In 2012, University of California, Berkeley economist Enrico Moretti wrote The New Geography of Jobs. He highlighted research showing that one high-tech job, such as a software engineer (like the ones at VeloBit), has the potential to create five more non high-tech jobs in the same city, such as waitresses or cab drivers. If the multiplier does exist, even at a multiple of less than five, it makes the Massachusetts headquartering of a tech company like VeloBit particularly painful for Rhode Island. Though VeloBit is owned by Western Digital, it is still located in, MA, now employs close to twenty people, and is growing. What if VeloBit was instead founded in Rhode Island, and currently staffing twenty people in a Providence office? Moretti’s multiplier suggests the potential for an additional hundred jobs, and Rhode Island could sorely use them.

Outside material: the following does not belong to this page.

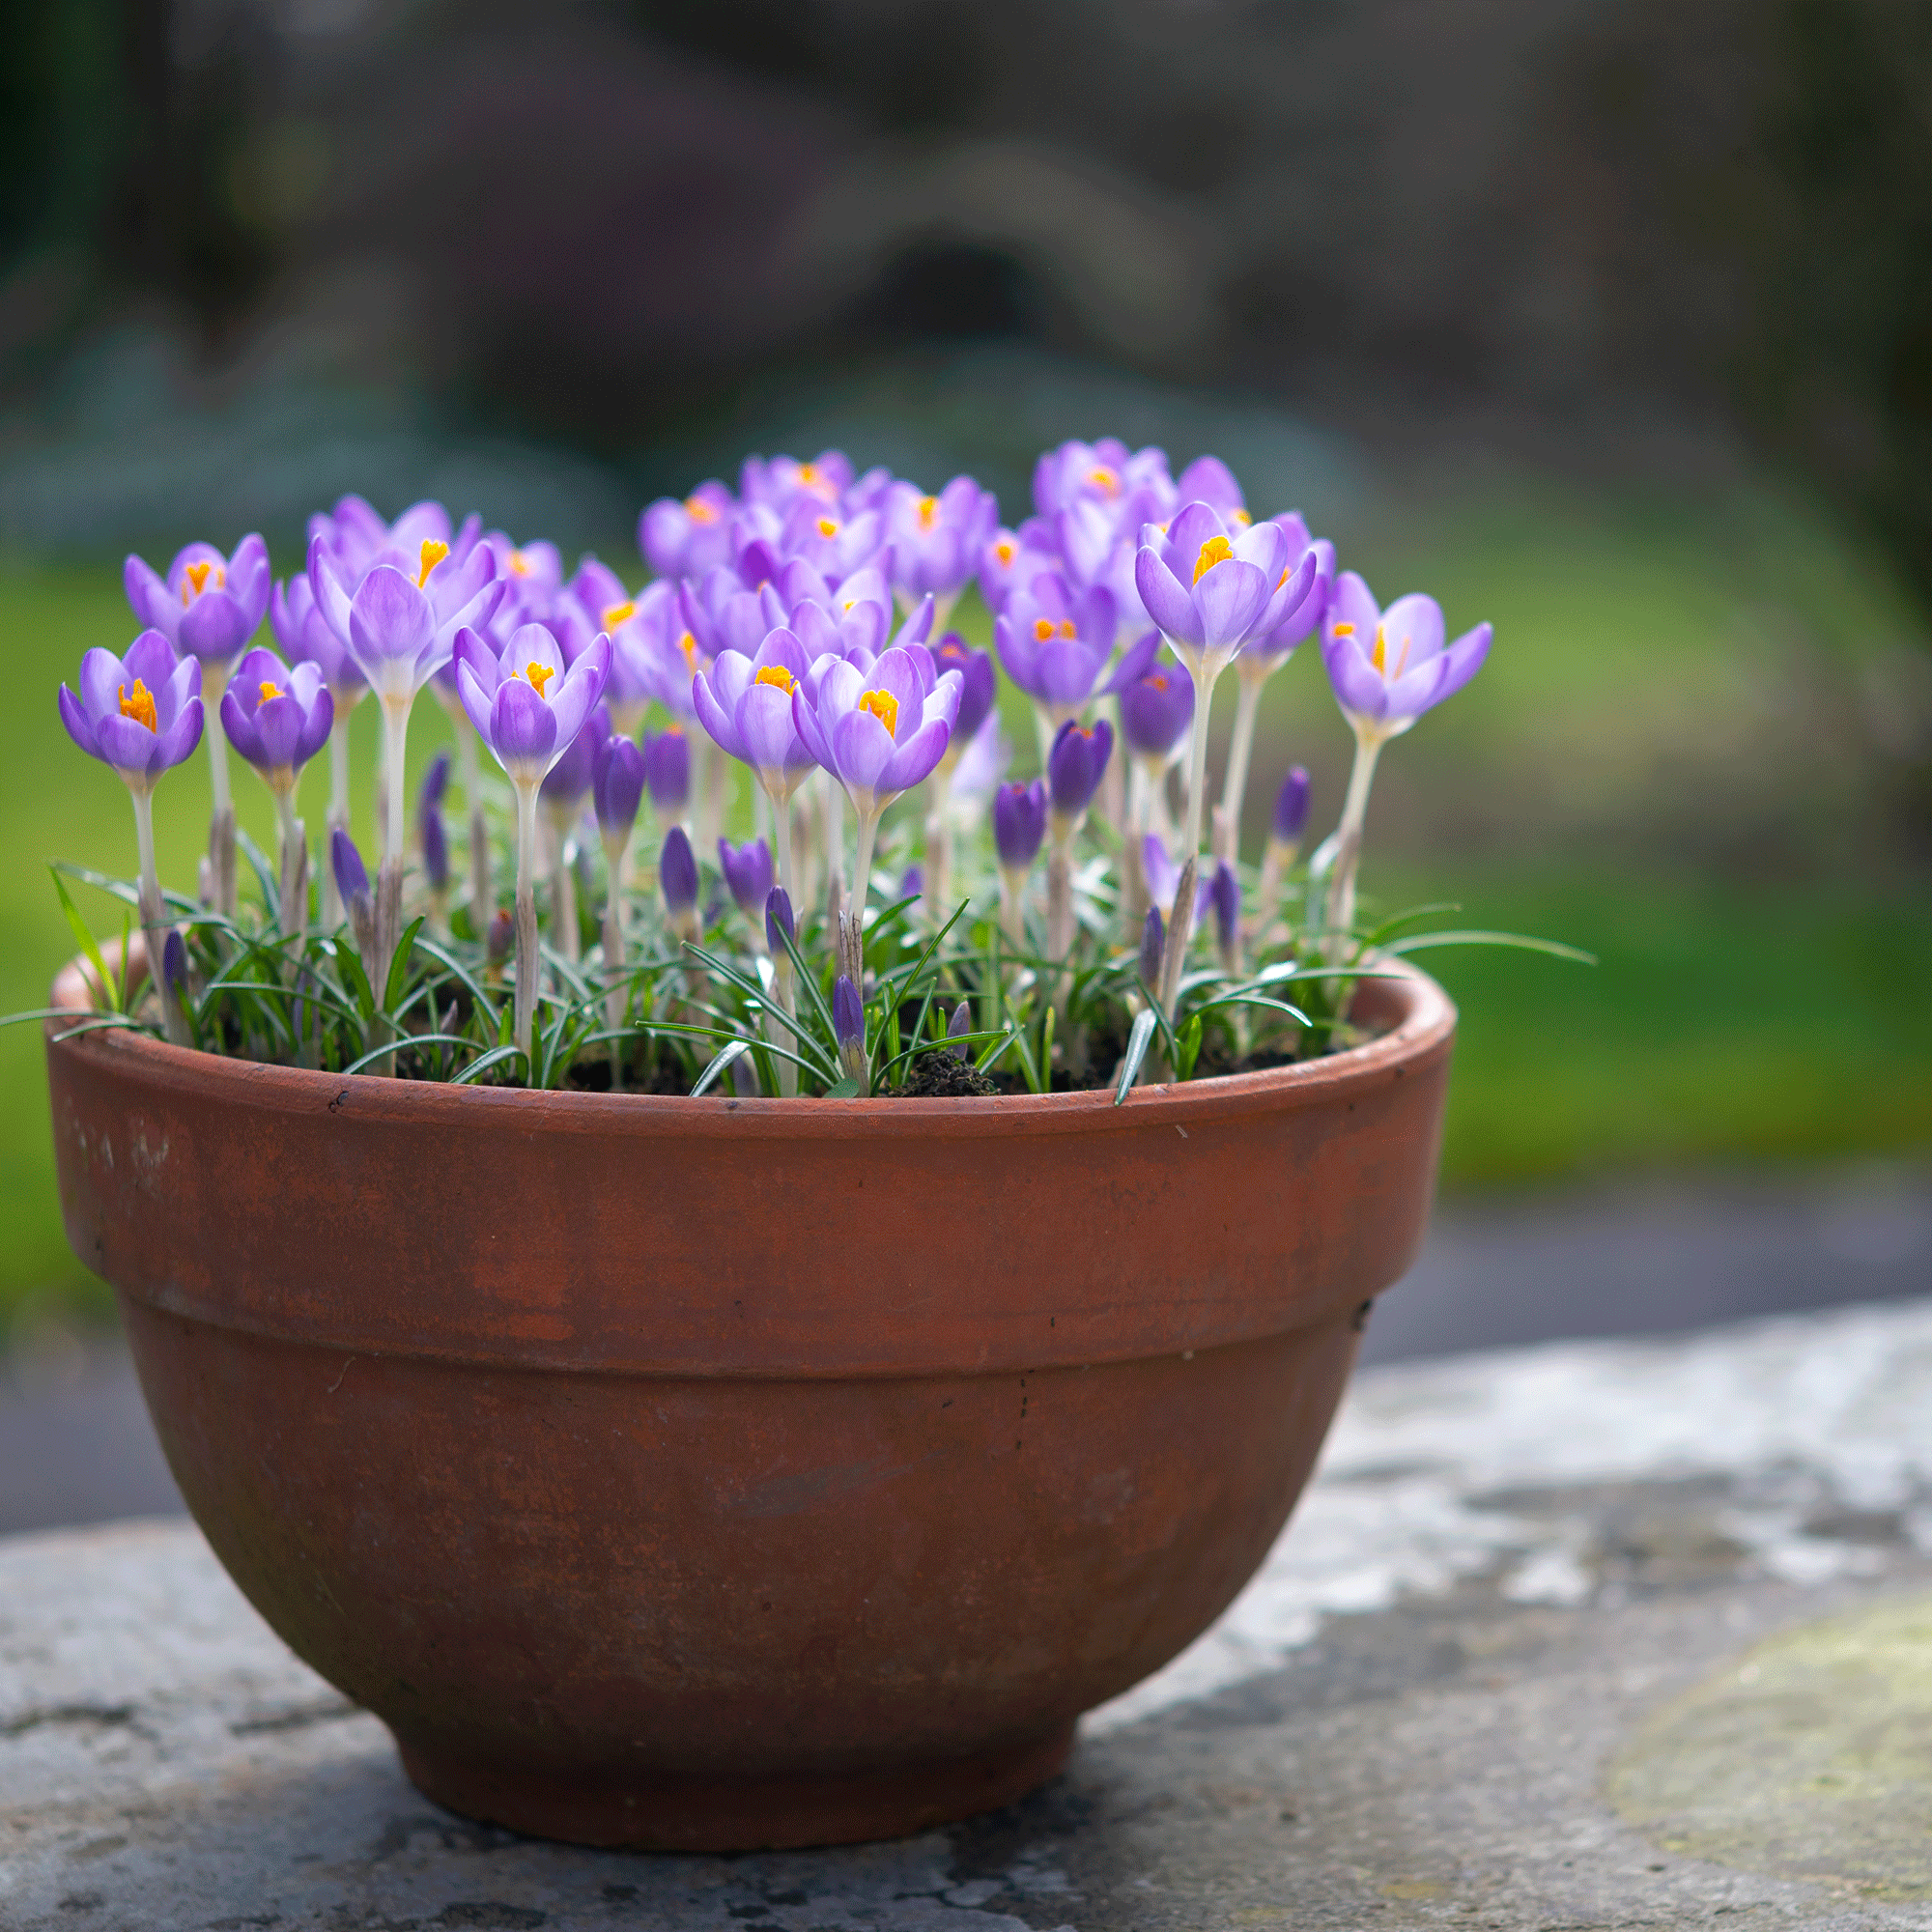 When to plant crocus bulbs - get the timing right for a glorious February display

In exchange for research support, the University of Rhode Island held a partial-ownership stake in VeloBit, and presumably realized financial gains from its sale. Though any sum can be argued a pittance relative to the potential for a successful, Rhode Island-based, job-generating company. So why exactly was VeloBit founded in Massachusetts? The answer, according to Yang, is pretty simple. Duncan McCallum was running the commercial operations of the firm, and he lives in Boston; not rocket science. As many entrepreneurs are aware, venture capitalists don’t stroll down the street doling out wads of cash to techies. Yang was fortunate enough to be introduced to a venture capitalist—someone who could help him commercialize his research and make an impact—and he wasn’t going to complain where they were based. “If the partner is here, we can do it here” Yang said of Rhode Island. “I would like to do it in Rhode Island.”

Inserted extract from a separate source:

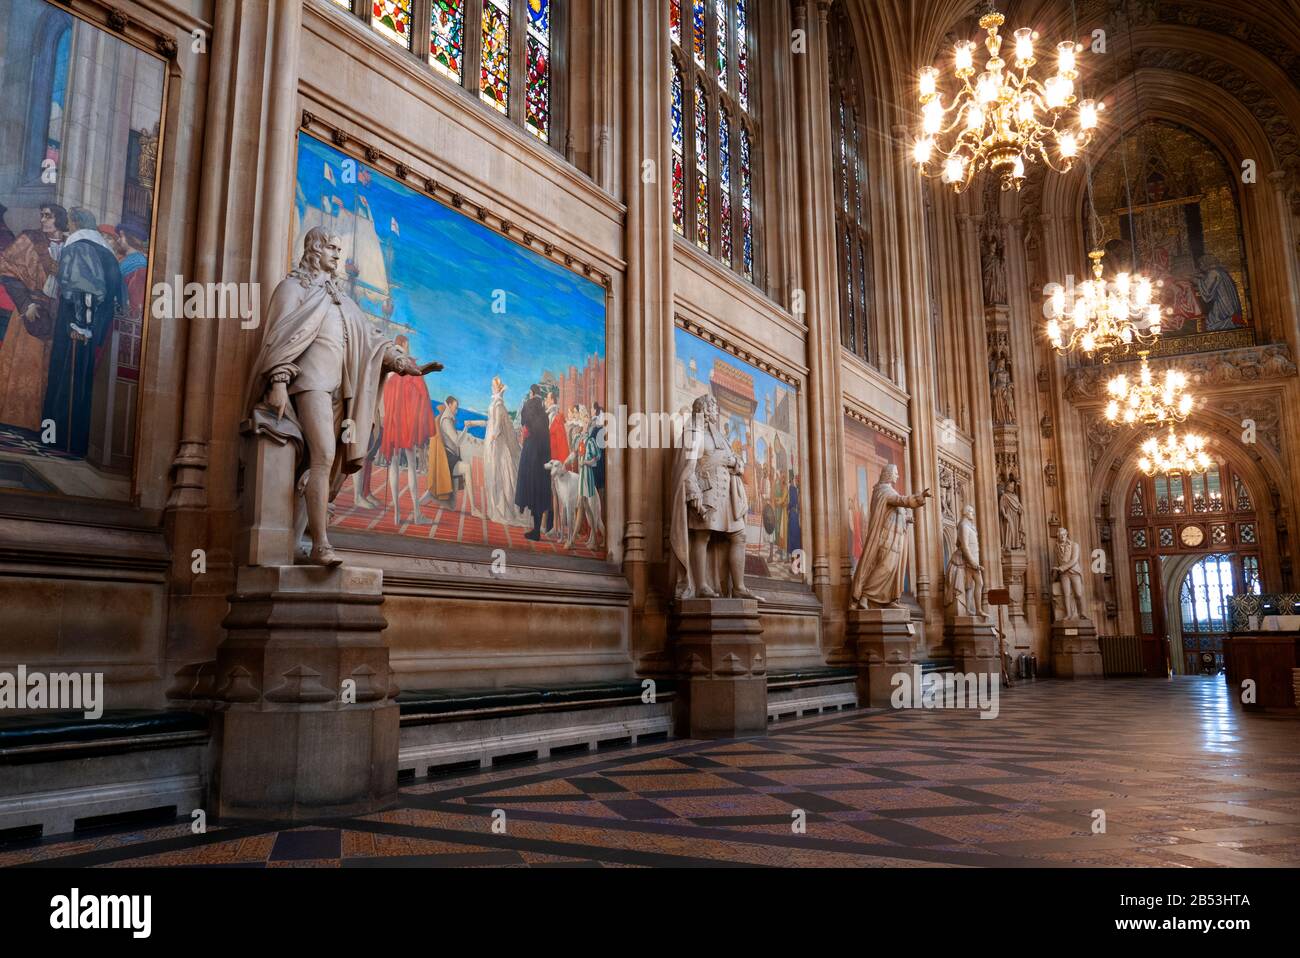 St Stephen's Hall with statue of John Selden in foreground, Palace of Westminster, London, United Kingdom Stock Photo

Innovative ideas should not be confined to certain geographies, nor should the money and brainpower to propel them. Today, VeloBit is a Massachusetts company, and that’s fine. However, to spur growth in the future, Rhode Island needs to do two things.  First, the state should realize that VeloBit and companies like it can be valuable assets in helping to repair a battered, sluggish economy. Say it, out loud. Second, get proactive. A culture needs to be forged, where, when someone has a good idea, there is willing partnership within the state, especially in the private sector, to help them achieve it. There have surely been other instances in Rhode Island similar to VeloBit. At this rate, there will surely be more. Where there is smoke, there is fire. We need to put it out. “We have the talent, we have the people” said Yang. “Rhode Island can be a great state to grow business.”